El libro de Rachel Carson tuvo un efecto inmediato. El DDT se prohibió, pero fue una victoria breve y engañosa. A lo largo de los años se han desarrollado plaguicidas que se presentan siempre como más efectivos y respetuosos con el medio. Pero se trata, explica Dave Goulson, de un espejismo inventado por los publicitarios y los departamentos de relaciones públicas. Algunos de los productos más usados hoy son miles de veces más tóxicos que el DDT, y su volumen ha ido aumentando según se extendía la agricultura intensiva de los monocultivos de cereales, de soja, de aceite de palma. Es una agricultura que se basa por igual en los plaguicidas y en los fertilizantes químicos, y que exige la destrucción acelerada de los hábitats naturales y de la diversidad de plantas y flores silvestres de las que dependen los insectos.

Talar un bosque para dedicarlo a la agricultura industrial es tan razonable como quemar una obra maestra de la pintura para calentar un plato de comida, dice E. O. Wilson. En los últimos decenios las poblaciones de insectos se han derrumbado calamitosamente en muchas partes del mundo. El colapso de las colonias de abejas empezó a ser noticia hace unos 10 o 15 años, sobre todo en Estados Unidos, por la amenaza inmediata que significaba para la producción agrícola en California y en Florida, dependiente de la polinización que esos insectos vienen llevando puntualmente a cabo desde muchos millones antes de que los primeros homínidos empezaran a caminar sobre la tierra, mucho antes de los mamíferos y los dinosaurios. Los insectos fecundan las plantas, hacen fértil la tierra, alimentan animales de los que nos alimentamos nosotros, ocupan espacios fundamentales en la complejidad de todos los ecosistemas que sostienen la vida. A nosotros nos parecen innumerables, o molestos, o repulsivos, o tan irrelevantes que ni advertimos su existencia. Pero lo cierto es que, según estudios que Dave Goulson cita o en los que ha participado él mismo, su declive global puede llegar en muchos casos hasta el 90% y en bastantes especies a una completa extinción. Las cifras son menos aterradoras que el ritmo de la caída. Proliferan especies favorecidas por la aglomeración humana y el cambio climático, como garrapatas y cucarachas, y desaparecen muchas otras de las que no llegaremos nunca a saber que habían existido, en lo más espeso de los bosques tropicales aniquilados por bulldozers y sierras mecánicas.
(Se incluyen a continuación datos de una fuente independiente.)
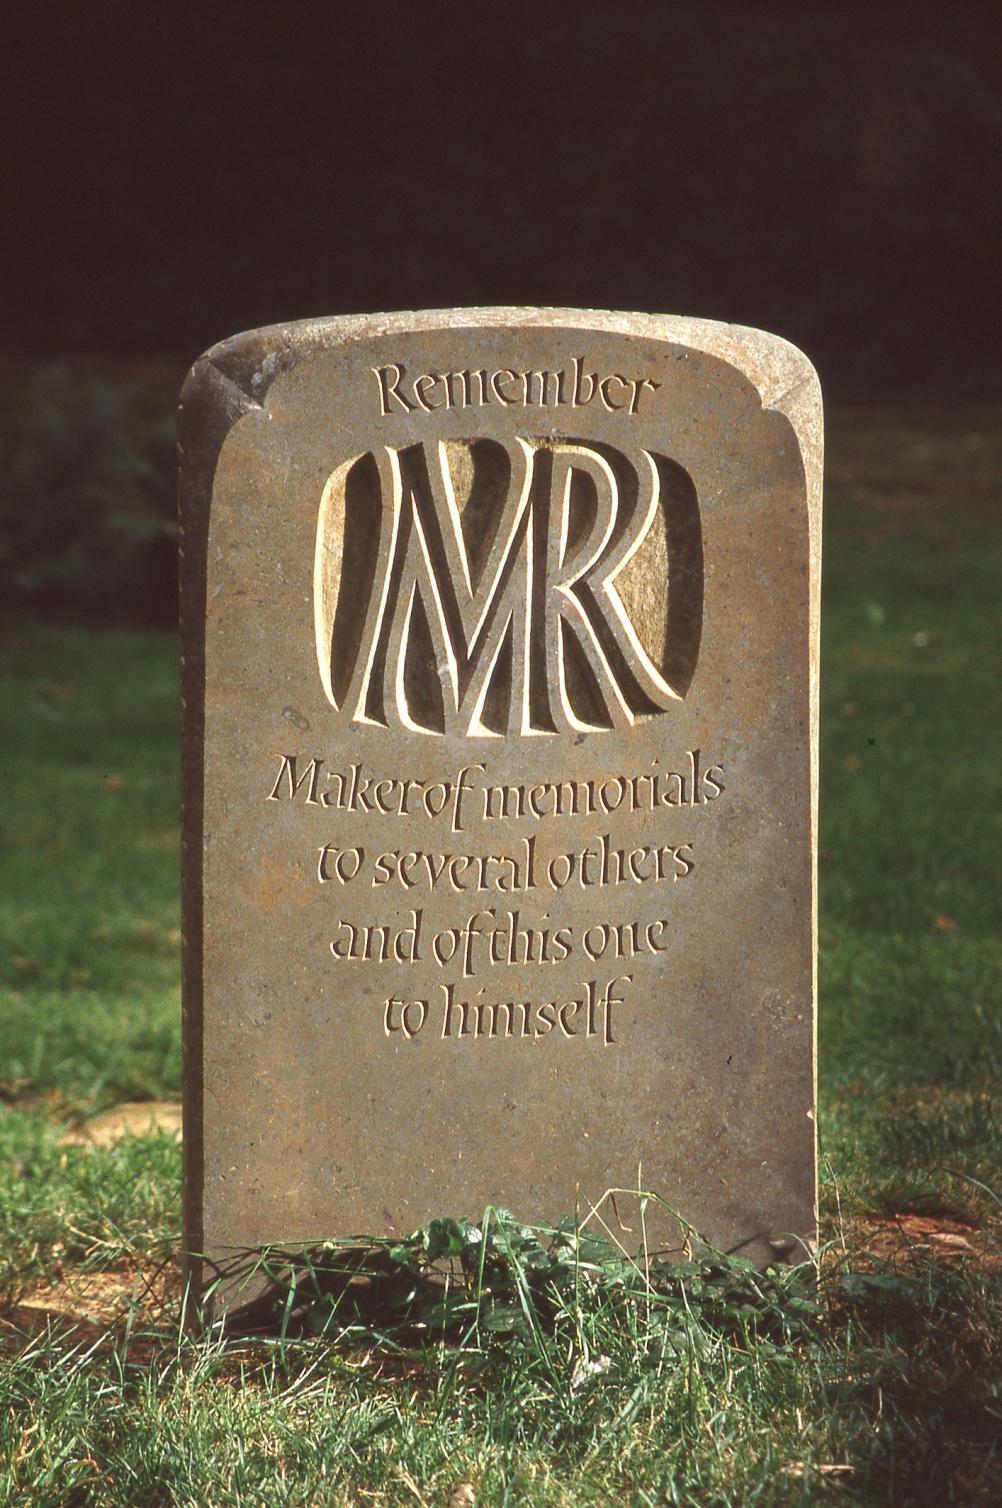 Michael Renton's memorial stone (front)

Pero Dave Goulson no lamenta solo la desaparición de los insectos por el perjuicio que puede causar a los seres humanos, ni su mensaje es apocalíptico. Los mejores pasajes de Silent Earth son los dedicados a la rareza y la maravilla de esas especies de animales que parecen ejemplos de vida extraterrestre. Y su actitud no es de capitulación, sino de militancia: es posible cambiar las leyes y las costumbres, establecer otra relación no depredadora ni destructiva con el mundo natural, usar todas las herramientas de la ciencia y de la técnica en beneficio del bien de la mayoría y no de empresas gigantes dedicadas a esquilmar la tierra. Los insectos, las plantas, las bacterias, los hongos, los pájaros, nos rodean como una comunidad en la que cada uno sostiene a todos los demás y sobre la cual nosotros no tenemos ningún derecho de soberanía, igual que no tenemos ningún derecho a volver inhabitable el mundo para nuestros descendientes.